Although I'm a dividend-focused investor, I've reached a point where the yield is actually secondary to the business I'm buying. Sure, I want to maximize the dividend income I generate, but the quality of the company backing the payment is the real focus of my approach today. Which is why I'm planning to stick with core holdings like Nucor (NUE -1.08%), Realty Income (O 0.52%), and Eaton (ETN 1.90%) for the long term. Here's a look at each.

1. The best steel mill

I bought Nucor years ago when steelmakers were out of favor, which is exactly when I like to buy great companies. The yield when I bought it was well more than twice the 1.5% dividend yield Nucor is offering up today. While I'm happily sitting tight, I also realize that the stock is expensive right now. Most investors would probably be better off waiting for the next industry downturn in this highly cyclical space.

A hand checking a box next to the word Awesome on a list that also includes Poor, Average, Good, and Great.

Image source: Getty Images.

That said, Nucor is an amazing company. Its portfolio of mills are all modern electric-arc furnaces. These are highly flexible steel mills that are, to simplify things, easier to ramp up and down with market demand. They also use scrap steel, making Nucor something of an environmental, social, and governance (ESG) play as well. (The company lays claim to being the largest recycler in North America.)

Within its highly diversified portfolio it has achieved leadership positions in a dozen industry segments. It also has a long history of investing in its business to support long-term growth, even during market downturns. And, despite the inherent volatility of the steel space, it has increased its dividend for 49 consecutive years, just one shy of making it a Dividend King.

That's the type of name you want to buy right (meaning when the yield is high) and hold on to for dear life.

2. Back in my portfolio

Years ago, I bought Realty Income and then sold it because the stock price had risen. I recognize now that the decision was a mistake, and it's one I won't repeat.

Realty Income is the largest net lease real estate investment trust (REIT) you can buy. Net lease properties are single-tenant assets for which the tenant is responsible for paying most of the operating costs. Any single property is high risk, but over a large enough portfolio, net lease assets are a safe and reliable property niche. Today Realty Income has a portfolio of over 11,000 properties spread across North America and Europe. The yield is a fairly modest at 4.5%, but that's actually a net benefit.

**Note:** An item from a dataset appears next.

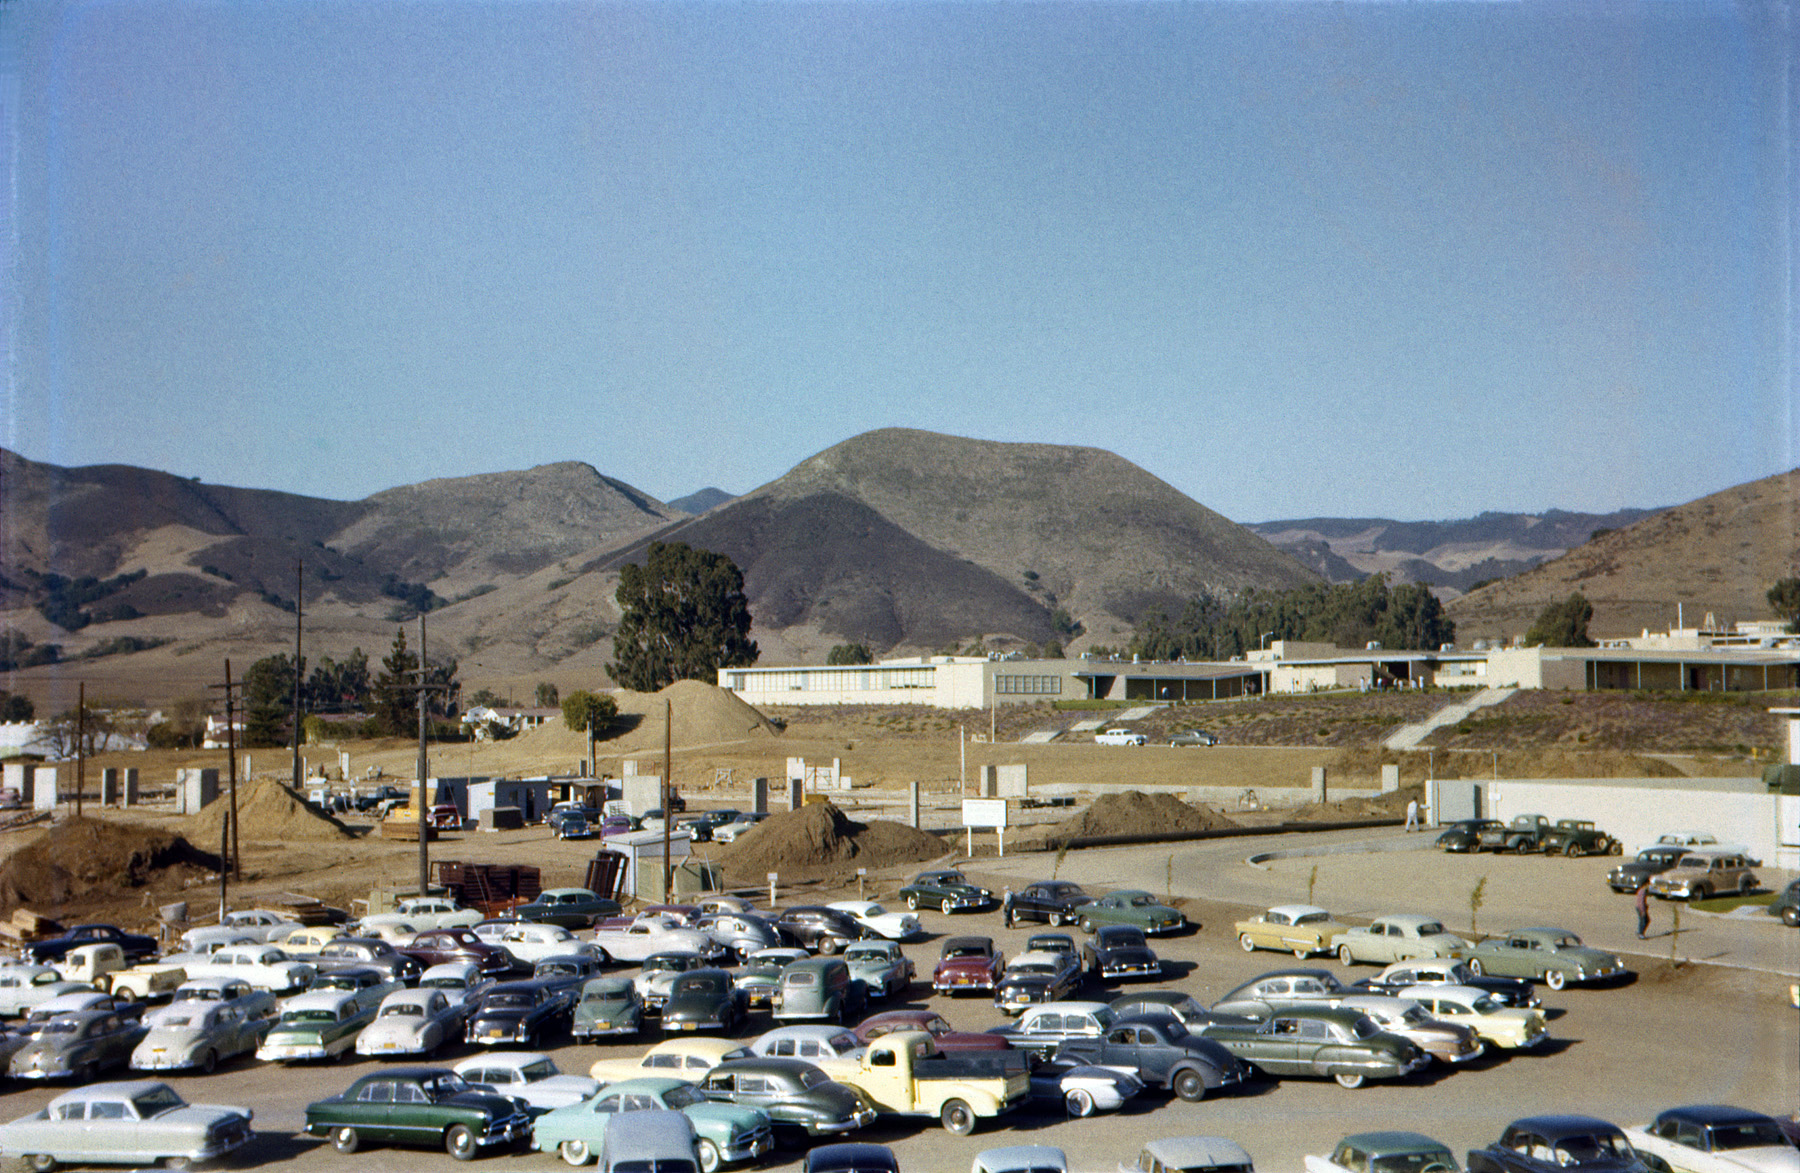 Back in October 1956, my brother shot this Ektachrome slide to show the construction of the new Engineering Building at Cal Poly, and a student parking lot just happened to be in the foreground. Today it looks like a vintage car rally. For extra points: spot the Corvette. View full size.

What I didn't pay enough attention to when I sold Realty Income was that a low yield actually ends up being a positive for the business. That's because REITs issue equity to help pay for acquisitions, and having a low cost of equity capital (the low yield is a rough proxy for that) lets it grow on the cheap. Add in the company's scale, and it can make deals that its peers wouldn't even contemplate -- like its recent agreement to buy the Encore Boston Harbor resort and casino for $1.7 billion. This REIT has the capacity to take down elephant-size deals, and the casino was just the start.

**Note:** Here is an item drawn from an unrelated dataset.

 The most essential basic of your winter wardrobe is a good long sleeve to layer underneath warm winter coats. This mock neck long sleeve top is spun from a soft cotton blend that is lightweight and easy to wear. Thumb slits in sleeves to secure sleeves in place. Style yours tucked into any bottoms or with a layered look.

I keep saying that I sold this Dividend Aristocrat, which I did. And I didn't actually buy it again. Realty Income bought another REIT I owned, Vereit. But now that I'm back in Realty Income, I'm not selling just because the price is dear and the yield is thus low. In fact, I now see this as a net benefit.

3. From vehicles to electric to vehicles again

Like Nucor, I bought Eaton many years ago when it was out of favor. It's expensive today, and while I'm happy to hold it, I probably wouldn't buy it with a 2.1% yield. However, I'm not looking to sell it despite my paper gains. I'm just sitting back and letting the dividends reinvest. The history here is pretty telling.

Eaton was founded more than 100 years ago to build parts for trucks. It still has a vehicle business, but over time it has shifted and changed its portfolio with the times.

Today, the company is focused around power management in various forms. The big focus is on electricity (about 70% of sales), but it also has the aforementioned vehicle division and an aerospace operation. Efficient use of power is increasingly important, and Eaton has positioned itself to create value for customers and investors.

That's highlighted by its new e-Mobility division, which is tiny at just 2% or so of sales. Basically, it is looking to enter the hot electric vehicle space as a supplier. But it didn't go out and buy a company; it simply took assets it had in-house and pieced them together. Just a few years old, this new division already has contracts worth over $800 million lined up. Which shows just how well positioned Eaton is to serve the world's needs as it increasingly electrifies over time. A company with that kind of flexibility is the kind of company I want to own for the long term.

Timing matters

As I noted, I wouldn't be too excited to buy Nucor or Eaton today, as they are both kind of expensive. So timing my entry point was important in my decision to continue owning this trio, noting I've got plenty of house money to lose.

The key is that the businesses I own are the types of businesses I want to hold on to. Realty Income, meanwhile, is probably fairly priced right now, noting the inherent benefit of a low cost of capital. And while I didn't actually buy it this time around, I'm happy to sit tight with what I own because, again, the business is so well positioned.